> _Problem details_:
What you should give back is a precise copy of the lines below from the one containing "Buy Now Pink" through the one containing "Moldova , Moldavie", with no pictures.

> _Dataset extract_:
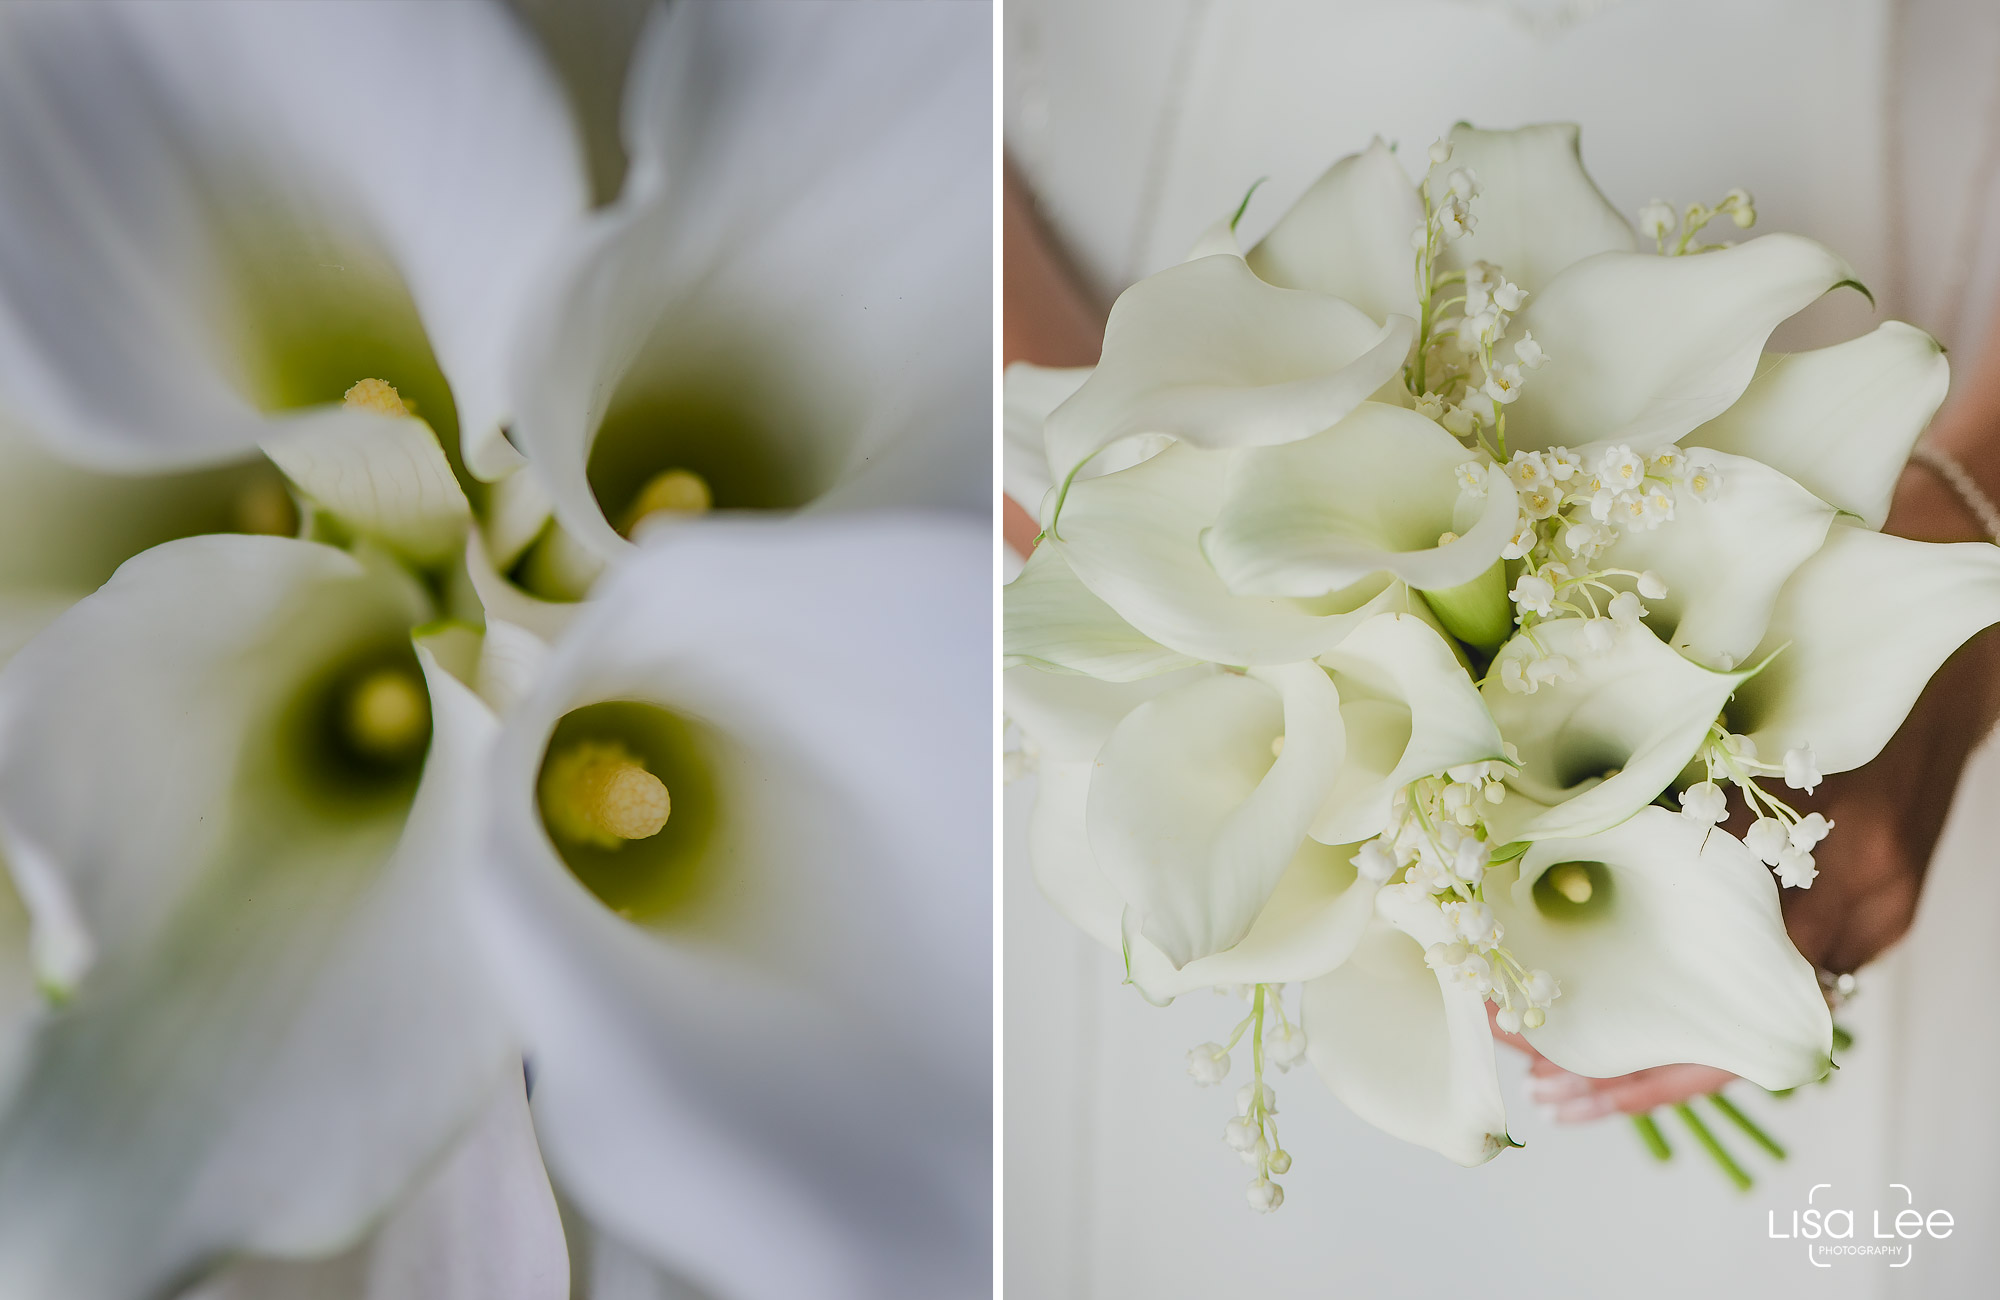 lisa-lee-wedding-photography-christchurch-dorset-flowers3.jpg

...

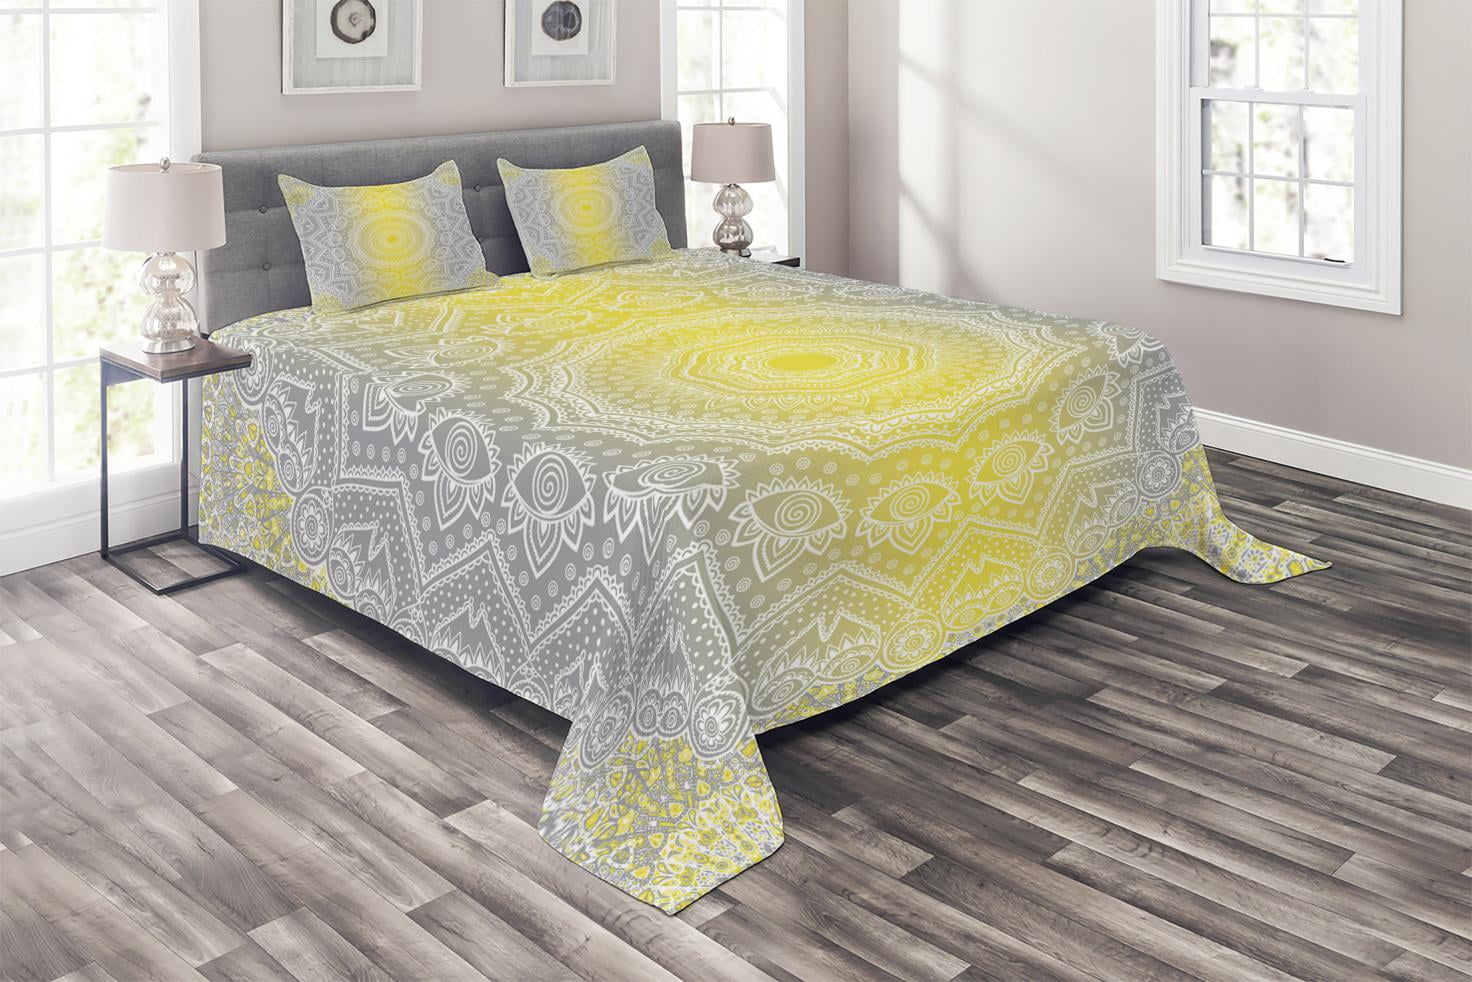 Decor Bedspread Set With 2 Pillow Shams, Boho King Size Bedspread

---

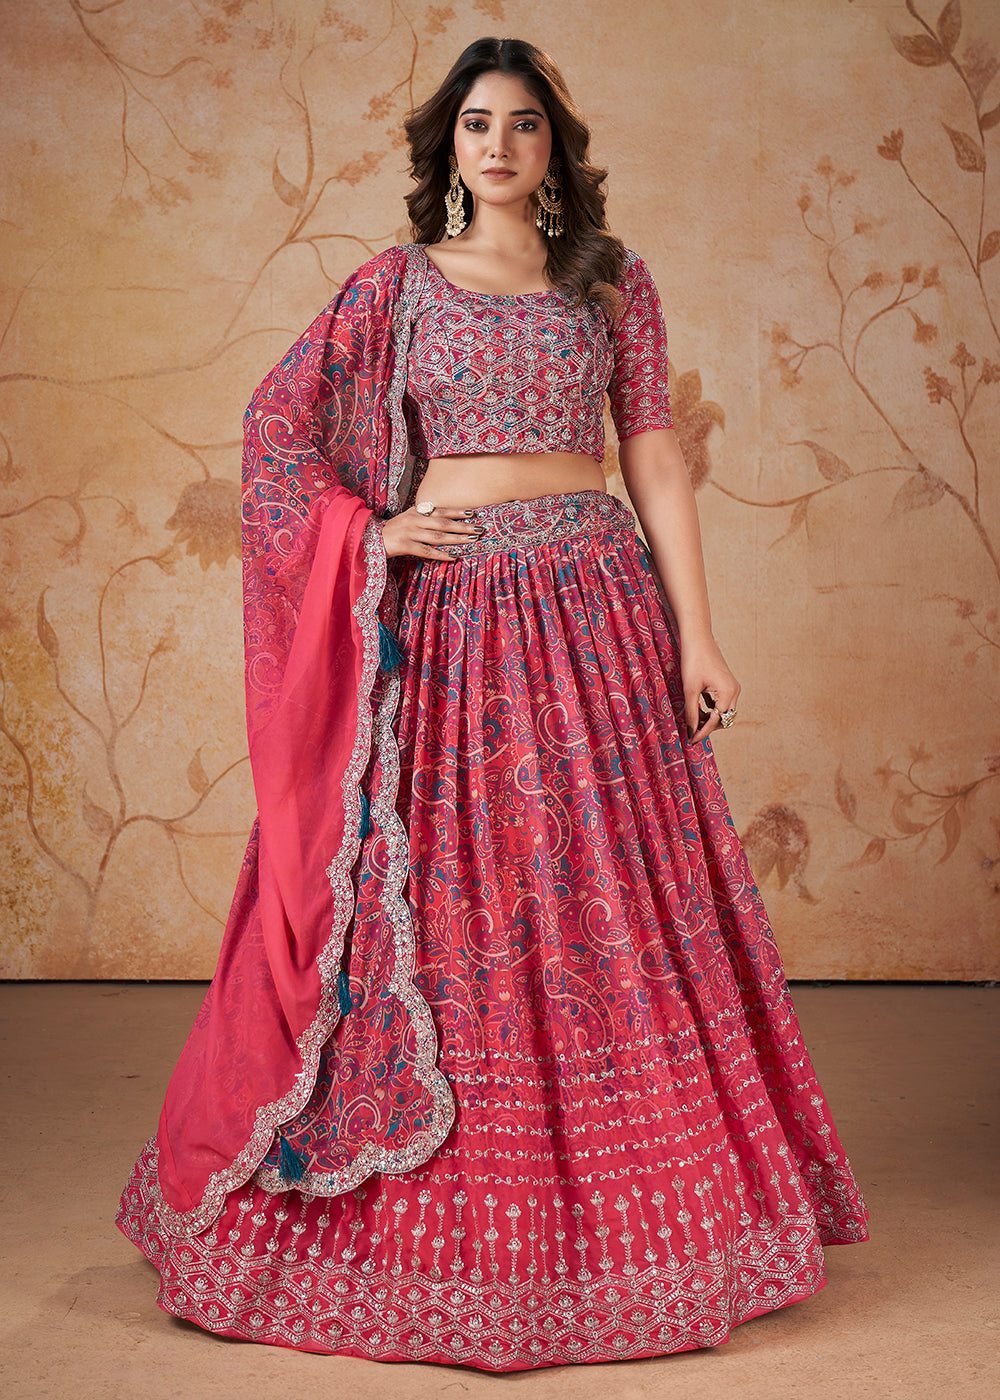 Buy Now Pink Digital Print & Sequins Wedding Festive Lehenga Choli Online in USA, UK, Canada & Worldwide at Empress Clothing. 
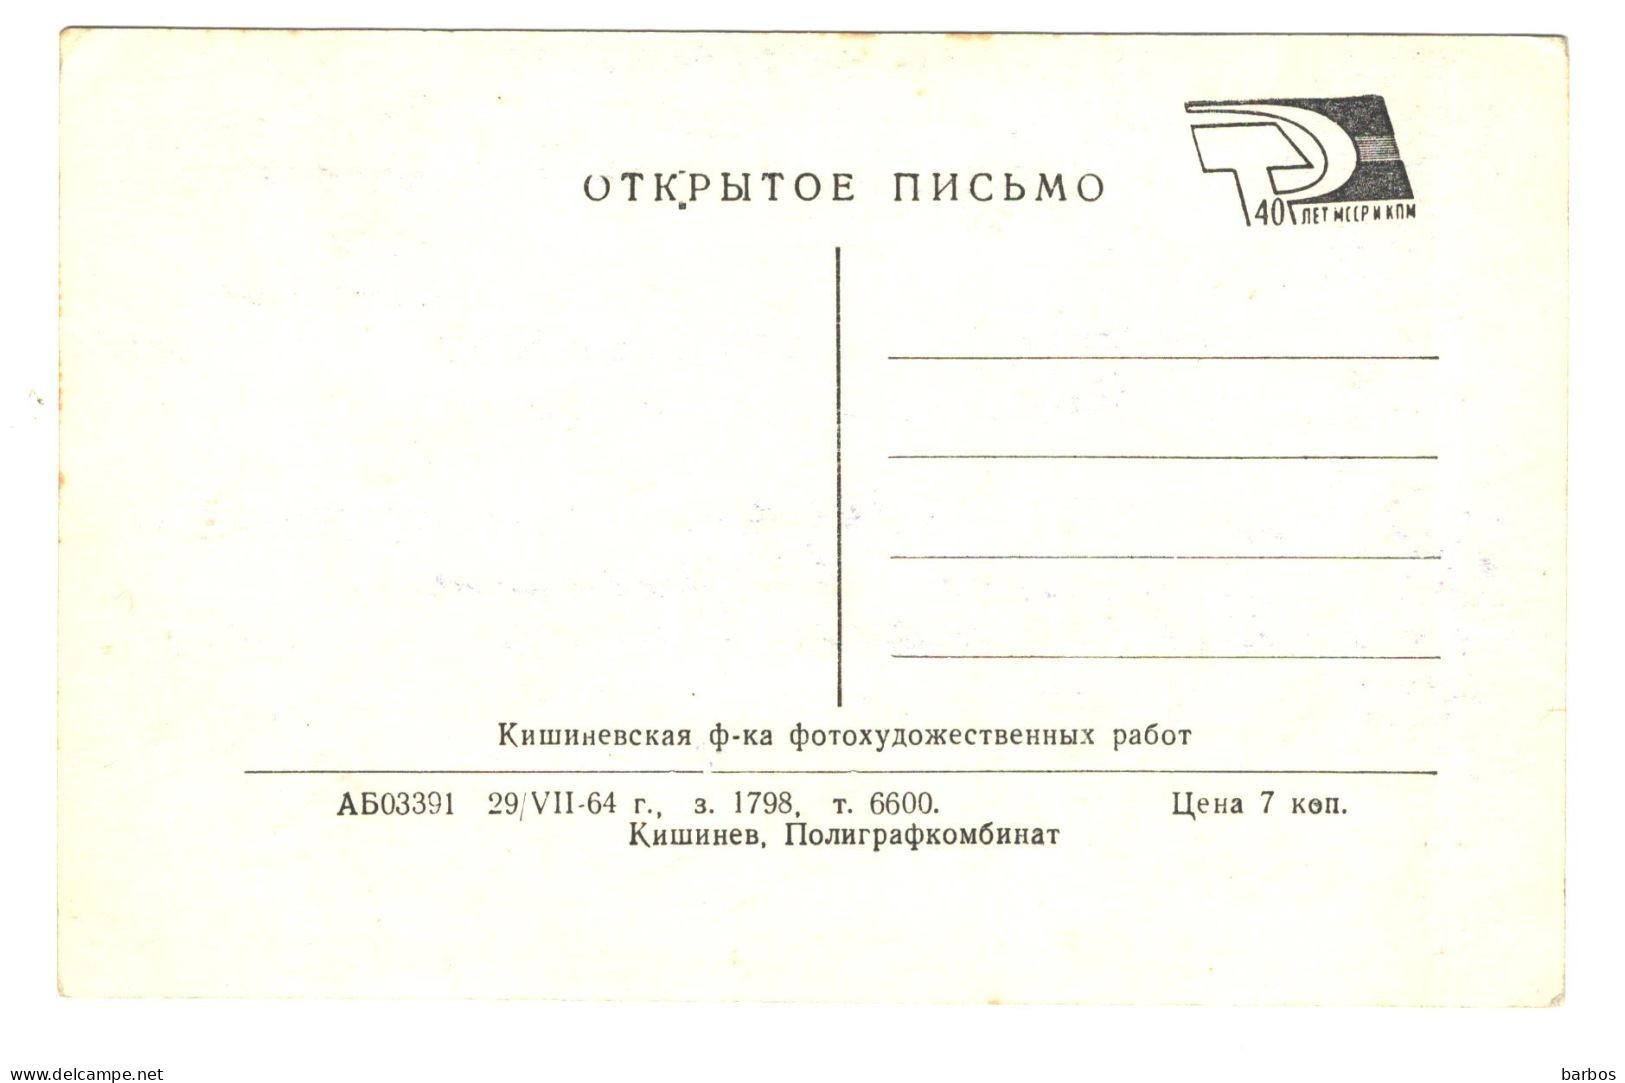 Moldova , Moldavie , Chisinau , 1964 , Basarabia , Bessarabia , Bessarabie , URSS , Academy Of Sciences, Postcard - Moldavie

> _Response to this task_:
 Buy Now Pink Digital Print & Sequins Wedding Festive Lehenga Choli Online in USA, UK, Canada & Worldwide at Empress Clothing. 
 Moldova , Moldavie , Chisinau , 1964 , Basarabia , Bessarabia , Bessarabie , URSS , Academy Of Sciences, Postcard - Moldavie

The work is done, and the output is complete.